When I graduated from Drake I took my first position in a midtown law firm as an office manager. I was able to bluff my way into this disaster area, learn on the job and clean it up within a year. When I was at work, I was king of the world. My home was still overrun with other people’s kids, but none of them were problematic. My son had graduated high school early, and was working as an assistant manager at a local Burger King. That year I got this “new” toy – a cell phone. Big mistake, it was like a tracking device to the ex and a suggestion box to the kids. “Mommy, bro drank all the milk.” “Ma, Vic is brushing the cat with my toothbrush.” lalala. Back then, calls were not on a plan like they are today – we were talking some real money so snip when the cell phone. Next was the kids reaching this age of animosity where every day the lil one wanted to bother the big one until the big one was focused on her. All day at work the phone ringing off the hook while one told what the other one said/did/thought or looked at them like. Ironically, that was how we found out that the little one broke her toe kicking the big one’s foot. They were cute – and my belief that a 7 year difference would cease hostilities proved so wrong.

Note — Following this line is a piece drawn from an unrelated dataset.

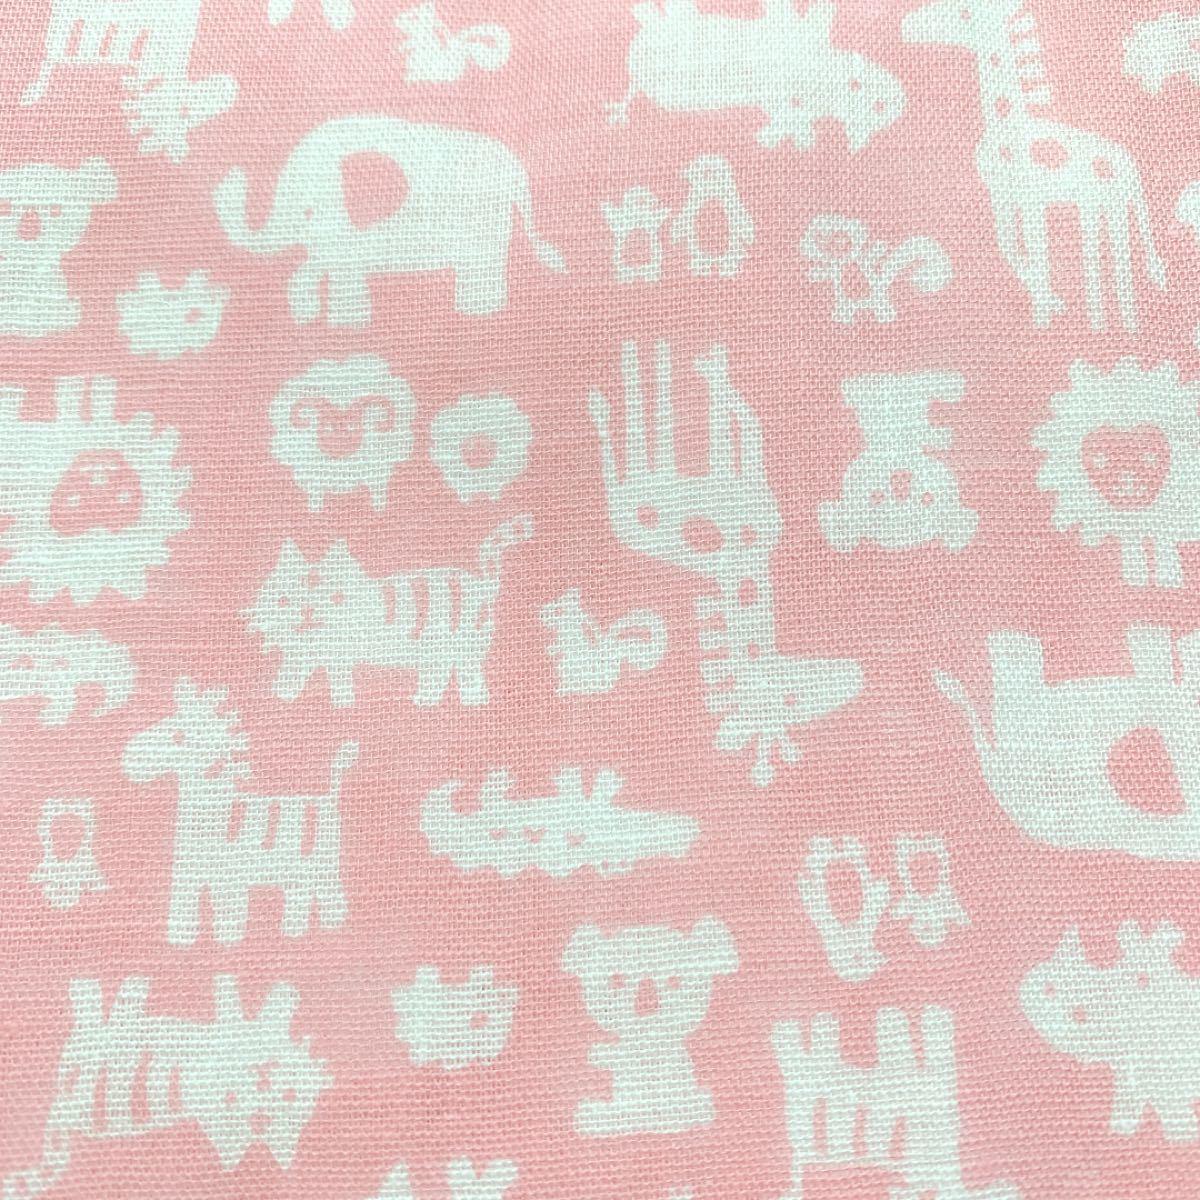 ダブルガーゼ ピンク 動物柄  生地
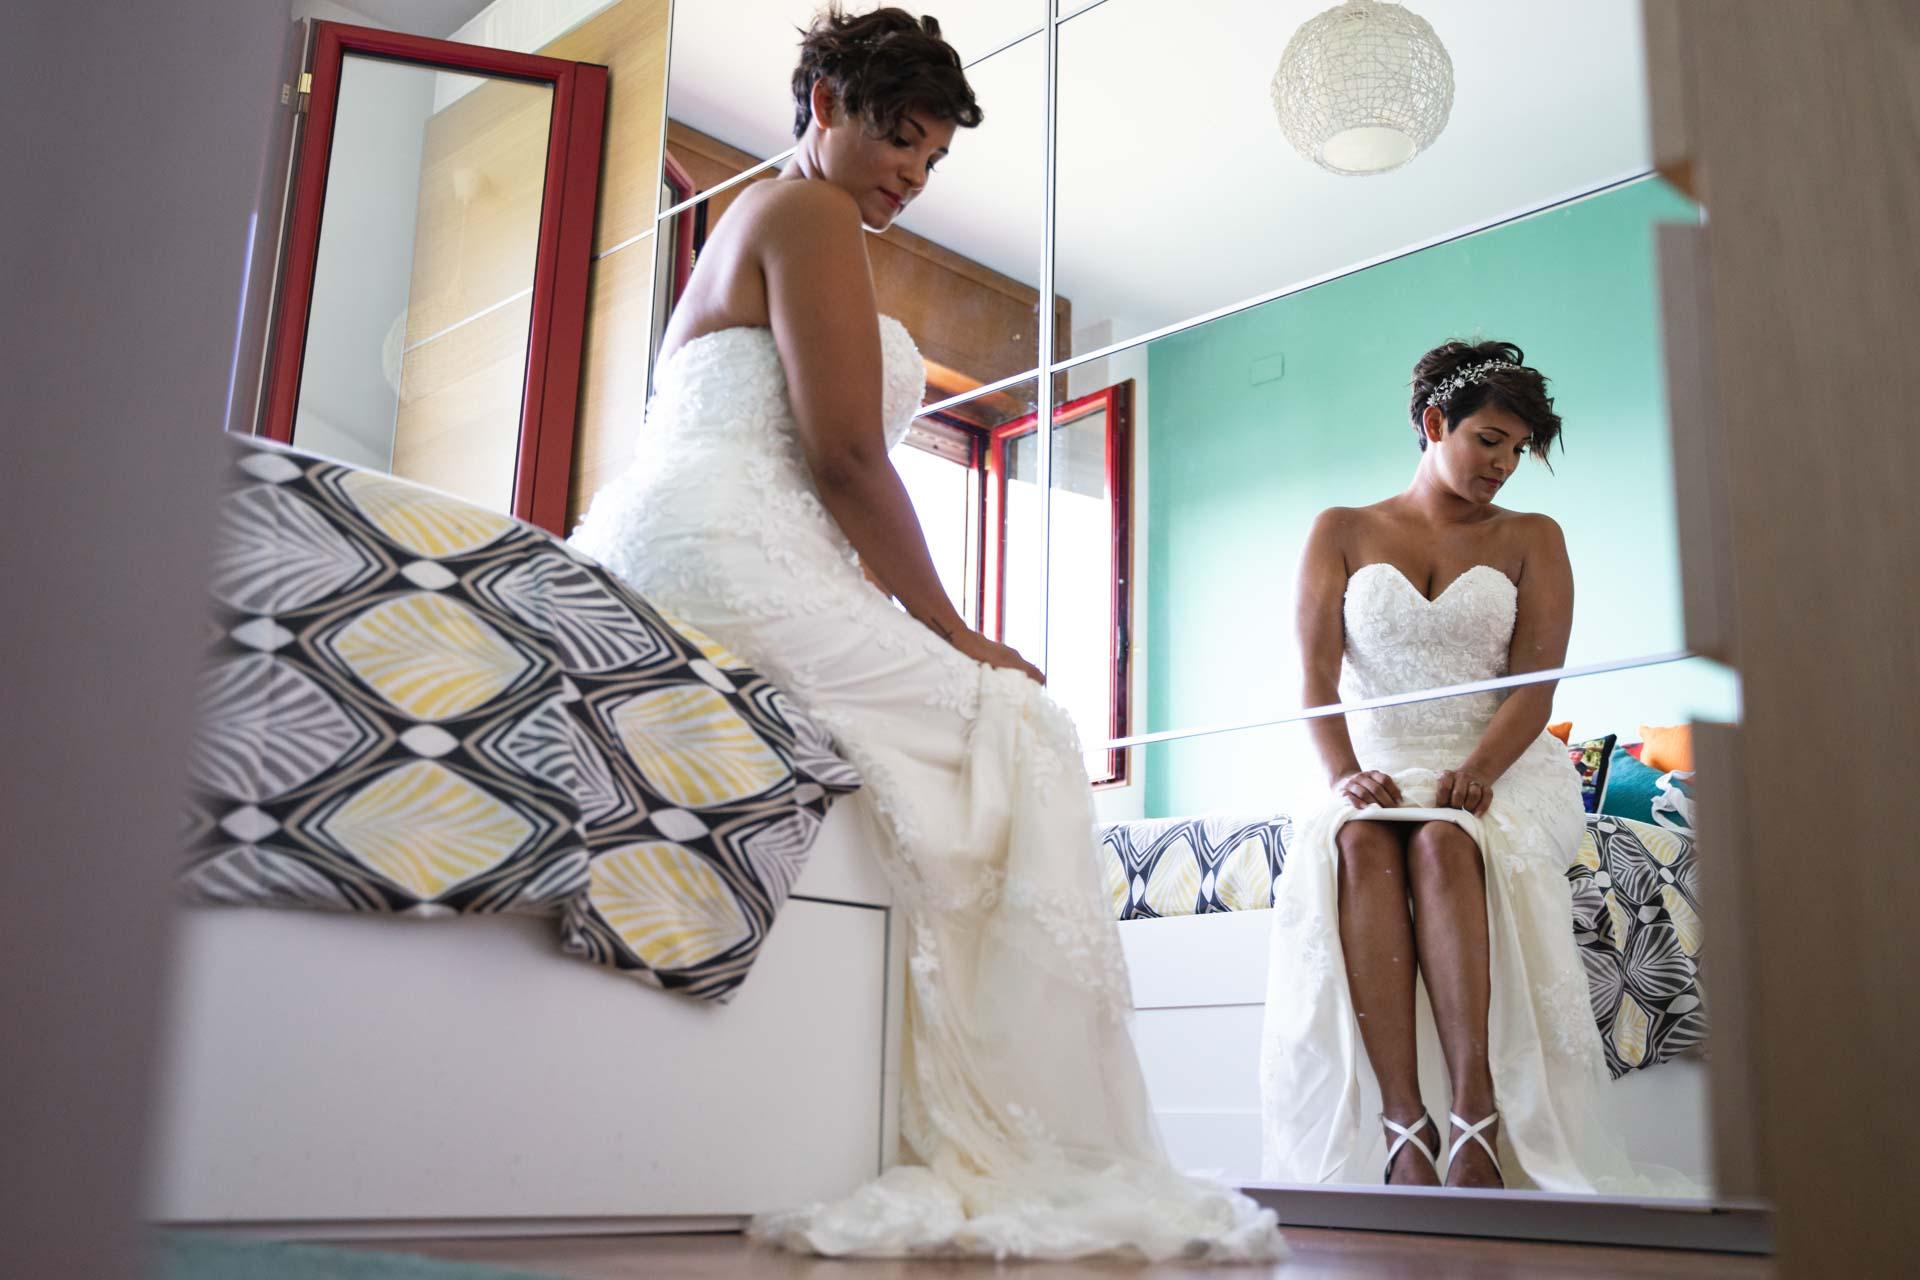 sposa abito specchio casa

But there were good things there too. When my daughter and her friend were walking to school, and some adult yelled obsenities at them from an apartment window, it was nice that her big brother and his friends could go and scare the future out of the guy. So the balance between the good and the bad seemed to fit the life we lived pretty well. But, that would end. My son was facing some tough choices, either go to college, go to the military, get into a career or stay with dead end jobs like Burger King and move out on his own. I couldn’t watch him throw away his life like his father and I had. He decided he wanted the air force. Although he felt prepared to sign in at 17, in his heart he wanted the comfort of family, so he decided he wanted to find a wife. Of course, he tells this to the next girl he meets and she decides, hmmm, military – travel – wife, works for me. I watched as she manipulated him – often pre-warning him of her next move, yet he did not see it. At this time I began making more money than my ex setting off an explosion of insecurity and violent outbreaks around the house. This would often include my son, who – despite our own bickering at times – was incredibly protective of me. One such fight had my son leave home, moving into a seedy room for rent in one of the worst neighborhoods in Brooklyn. I did, however, have an ally in my attempt to get him back home so when he showed up to retrieve some of his belongings my daughter had him phone me – he was persuaded to return. I reminded him of something we had seriously discussed while he was growing up – should things ever get so bad that he would want to run away, he would come to me and if I could not work it out, I would make sure he had somewhere else safe to go. He swore – so I lived up to my bargain and worked things out with his father to get him an apology and keep the calm, there was only a couple of months left to go before he left for basic training.
For the next couple of months I went on a strict diet of shyt eating to keep the peace. I’m sure if my son knew things would escalate again so all was done quietly. One day, however, it blew up again and as the two of them raged, again, pushes and threats and me in the middle. I let my son go, promising to come back the next day to talk with me, and absolutely made it clear to the ex that it had to end right then, right there. No more battles between the two of them. And there were none. And before I knew it, my son was gone. We waved goodbye at the airport – and part of me, who I was, so many deep talks and great moments got on that plane to Texas. The next day there was a ticker tape parade for the Yankees outside the balcony at my new job – and while the crowds cheered I sat quietly at my desk trying to figure out why. That weekend we went on a trip with the ex’s family (a family reunion thing) and I sat listening to my CD looking at the passing trees and landscape just knowing now what the phrase, ripped out of you, meant. Something in me was gone. I believe I would have just fell apart at that time if during this I didn’t look over and see my lil one, knowing that she was losing more than her big brother, she was losing her one good male authority figure, her comrade, her commiserator, her friend. We had each other now and our bond became stronger, and remains to this day, stronger than most. Although she would go down different roads, she would eventually aspire to be like her big brother.
Now, with my son gone, I decided it was time for me to go back to school – I wanted to be more than I was, and what I believed I could be. I wanted my children to be proud of me. I wanted to find myself – and instead I found more than I thought I would.